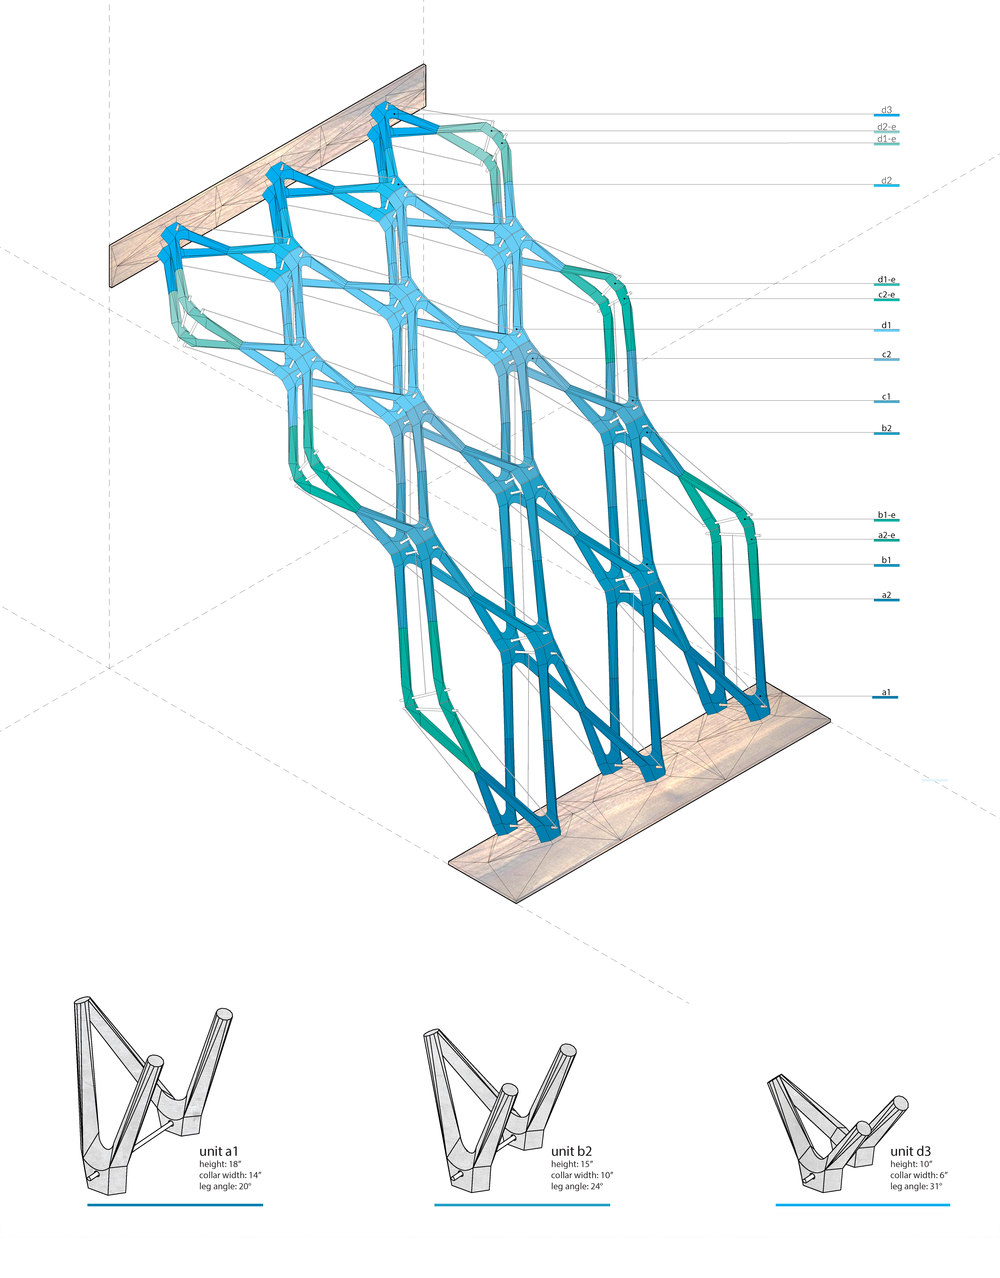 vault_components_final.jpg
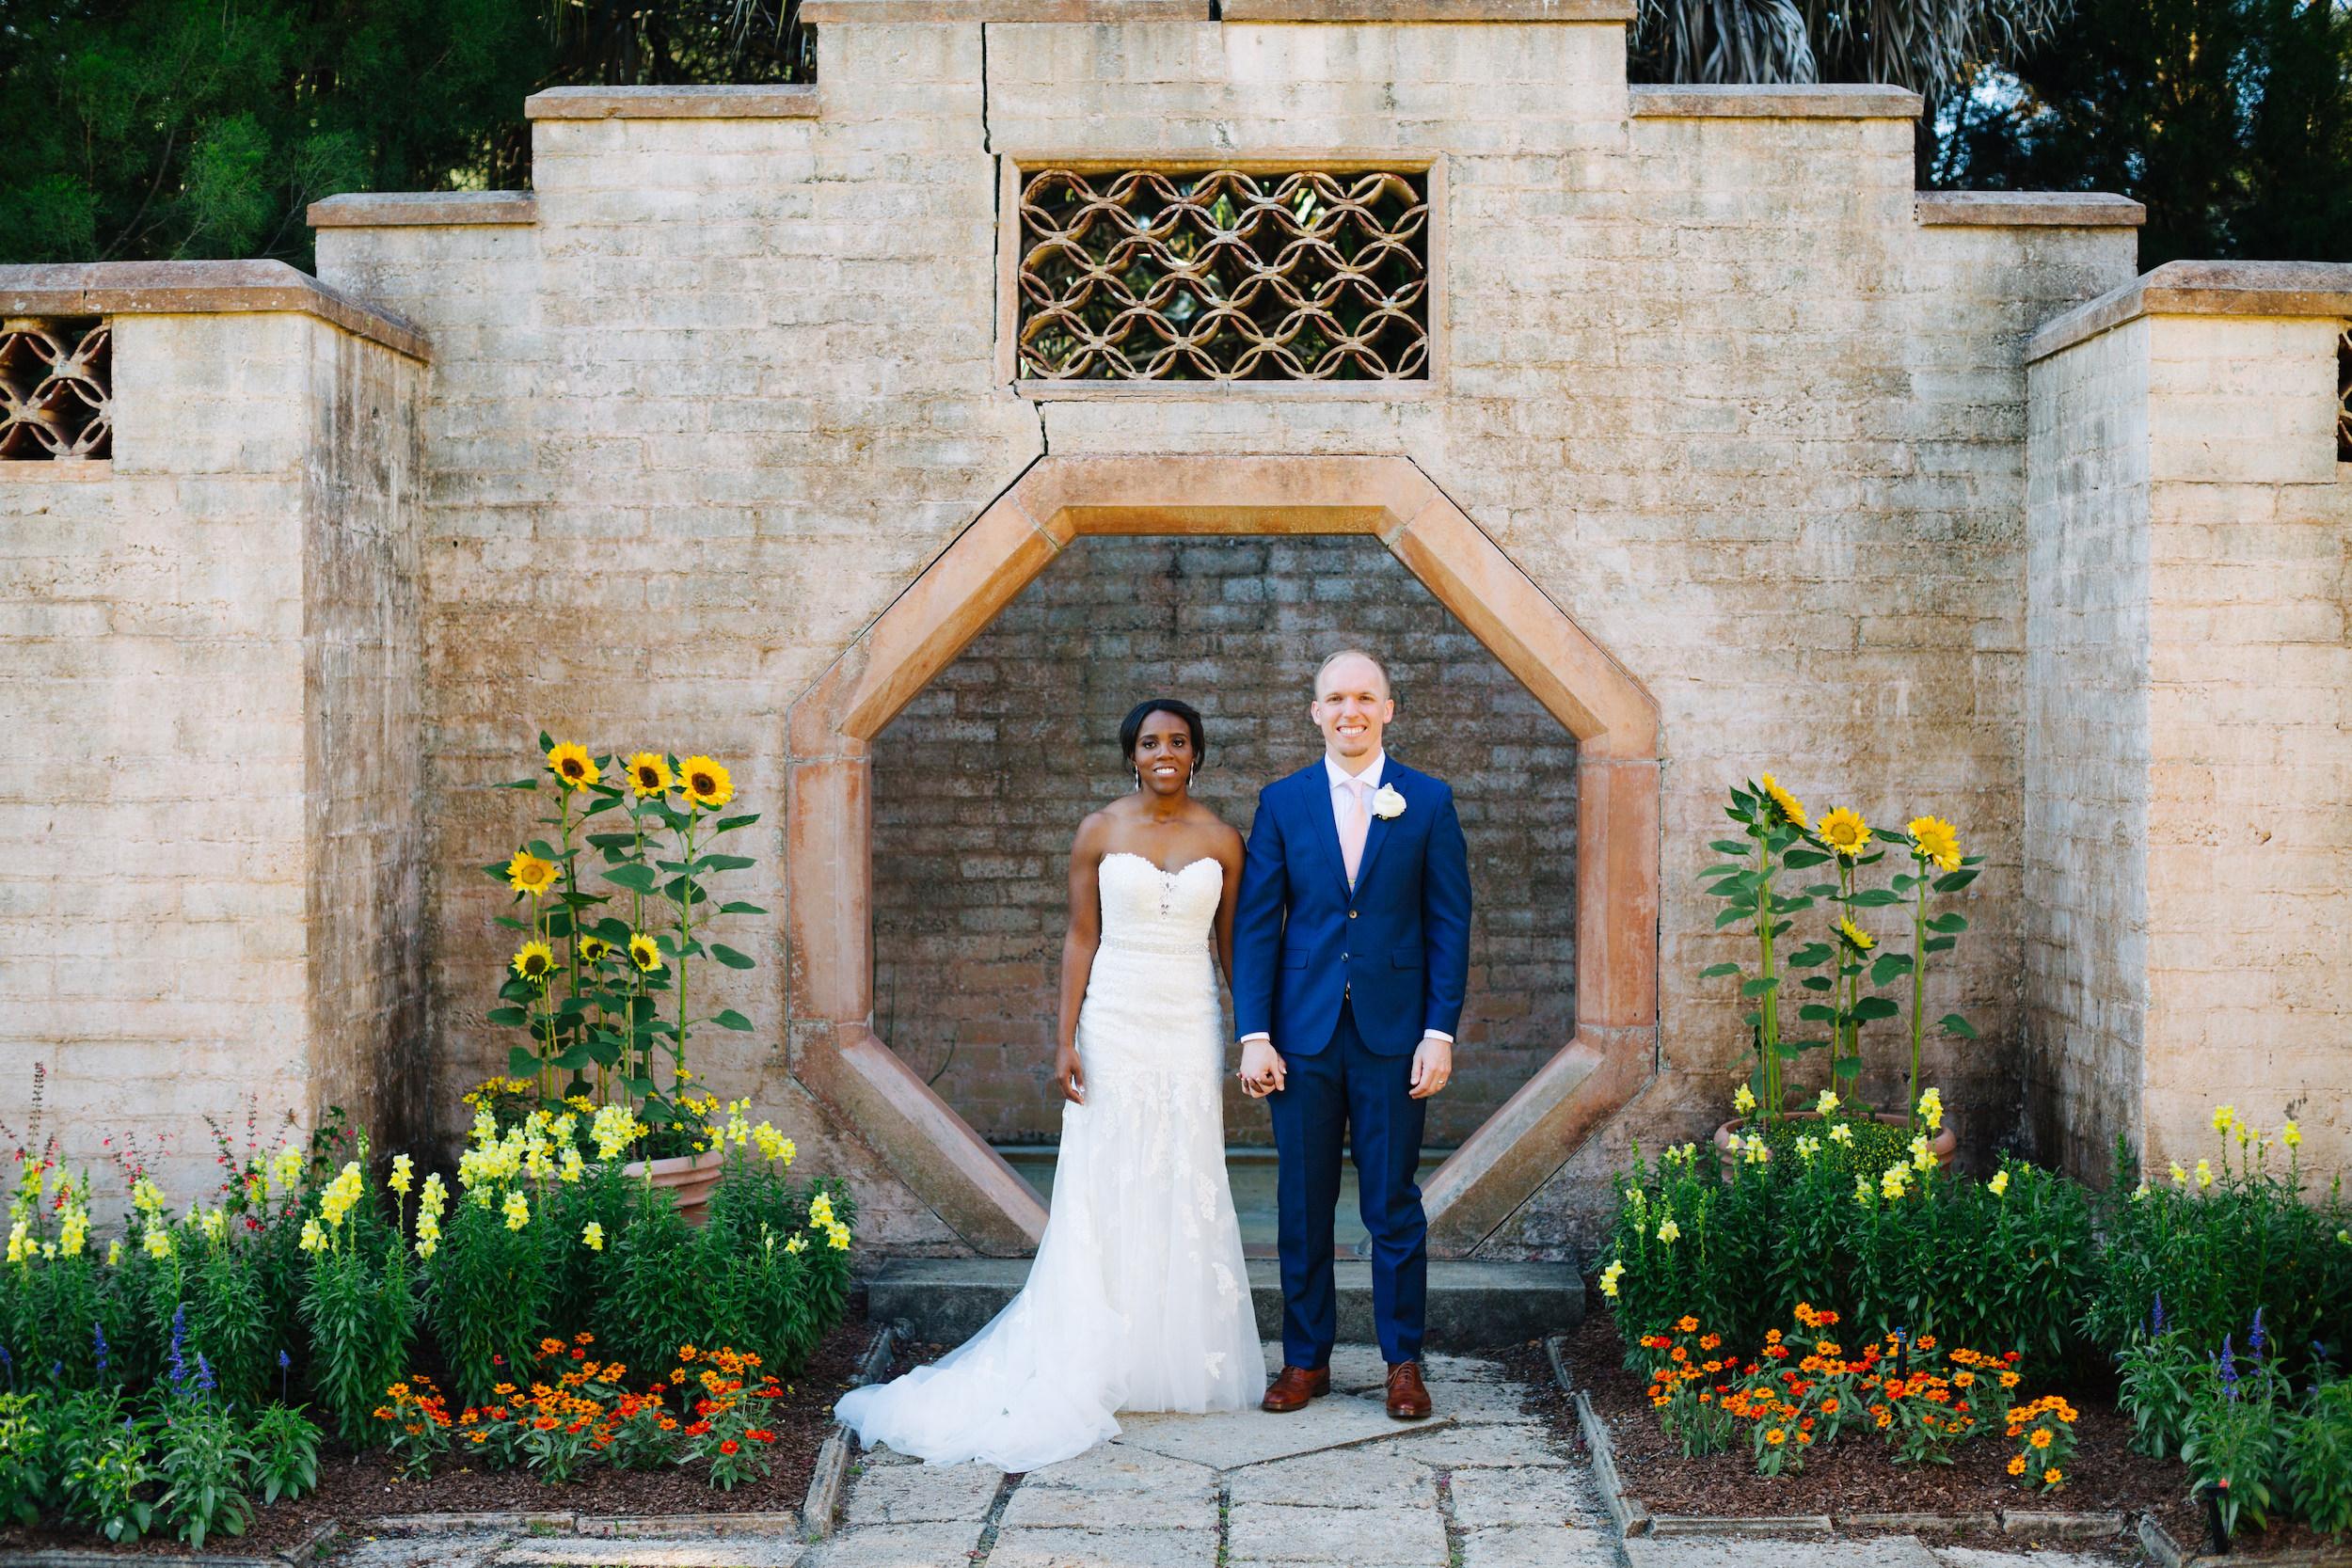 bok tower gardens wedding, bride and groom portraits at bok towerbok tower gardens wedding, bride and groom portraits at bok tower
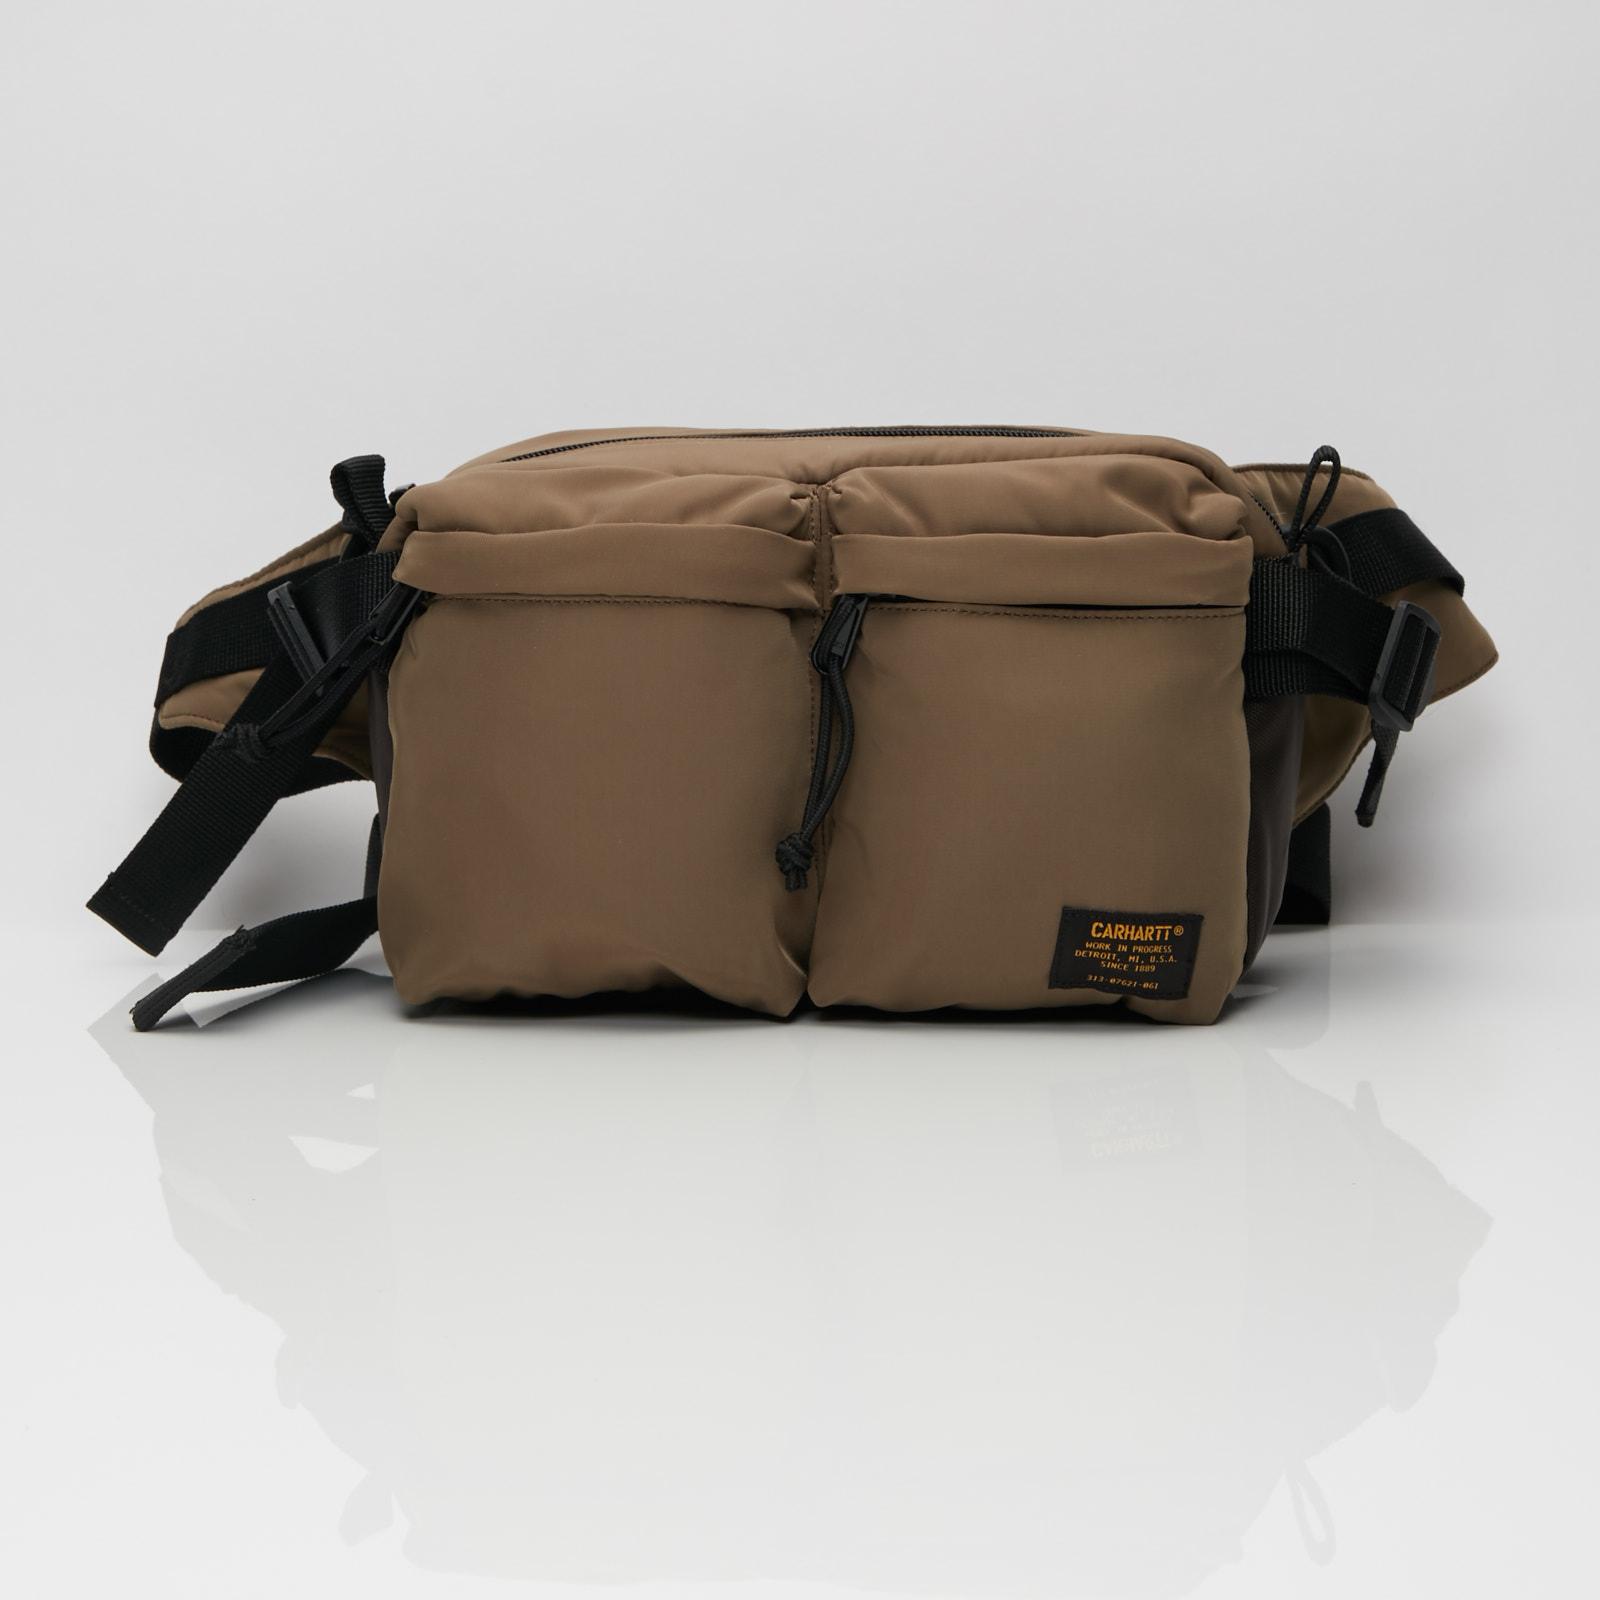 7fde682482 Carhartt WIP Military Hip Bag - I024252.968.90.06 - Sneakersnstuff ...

◆ ◆ ◆ ◆ ◆

# [Assigned task]
Copy out the data above exactly, except the pictures.

# [Your solution]
 vault_components_final.jpg
 bok tower gardens wedding, bride and groom portraits at bok towerbok tower gardens wedding, bride and groom portraits at bok tower
 7fde682482 Carhartt WIP Military Hip Bag - I024252.968.90.06 - Sneakersnstuff ...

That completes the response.